Engines may be mounted in individual nacelles, or in the case of larger aircraft such as the Boeing B-52 Stratofortress (pictured right) may have two engines mounted in a single nacelle.

===Other uses===
- The generator and gearbox "shell" – with rotator shaft – on a horizontal-axis wind turbine (HAWT).

- Edward Turner used the term to describe his styling device introduced in 1949 to tidy the area around the headlamp and instrument panel of his Triumph Speed Twin, Thunderbird and Tiger 100 motorcycles. This styling device was much copied within the British industry thereafter, although Czech motorcycle manufacturer Česká Zbrojovka Strakonice was using it beforehand. Indeed, the Royal Enfield Bullet still retains its version, the 'casquette', on its current models.
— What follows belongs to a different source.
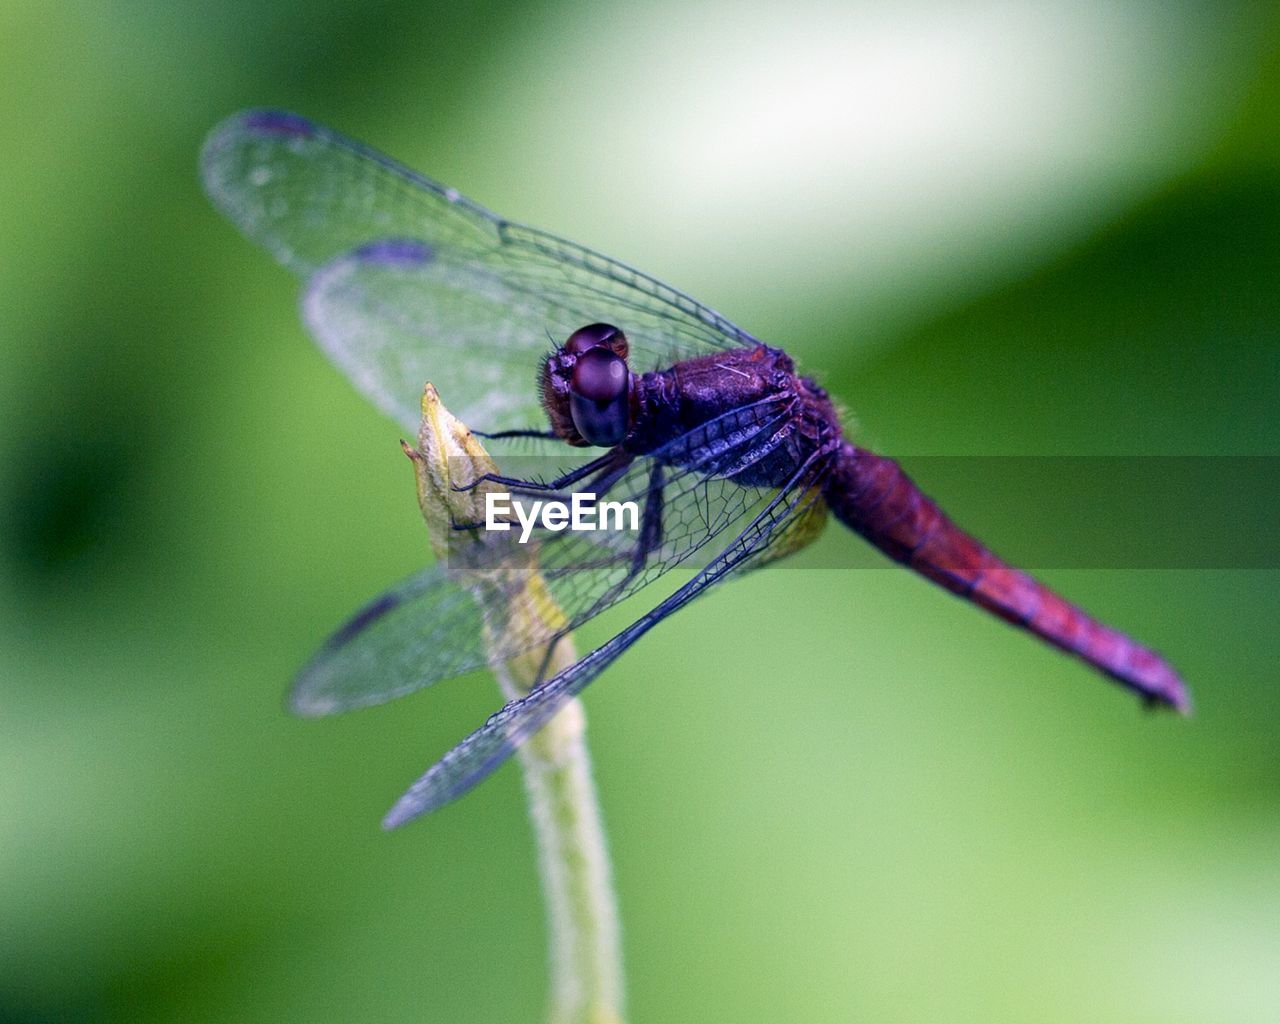 animal themes, dragonflies and damseflies, insect, animal, animal wildlife, dragonfly, animal wing, one animal, wildlife, close-up, macro photography, nature, focus on foreground, green, plant, macro, no people, beauty in nature, plant stem, animal body part, outdoors, day, magnification, wing, zoology, fragility

The last Triumphs to sport nacelles were the 1966 models of the 6T Triumph Thunderbird 650, 5TA Triumph Speed Twin 500, and 3TA Triumph Twenty One 350.
- Harley-Davidson refers to the streamlined headlamp and fork triple tree covering on the Milwaukee-Eight version of the Harley-Davidson Fat Boy as the "Headlamp Nacelle." The replacement kit also refers to it as the "Fat Boy Nacelle Kit".
- A forward projection of a catamaran's bridgedeck designed to soften the impact of seas or make more space inside the cabin.
- In the Star Trek franchise it is also used as a term for the housing containing coils that generate the warp field. This is separate to the engine that powers them.

==Design considerations==
The primary design issue with aircraft-mounted nacelles is streamlining to minimise drag so nacelles are mounted on slender pylons. This can cause issues with directing the needed conduits mounted within the nacelle to connect to the aircraft through such a narrow space. This is especially concerning with nacelles containing engines, as the fuel lines and control for multiple engine functions must all go through the pylons.
It is often necessary for nacelles to be asymmetrical, but aircraft designers try to keep asymmetrical elements to a minimum to reduce operator maintenance costs associated with having two sets of parts for either side of the aircraft.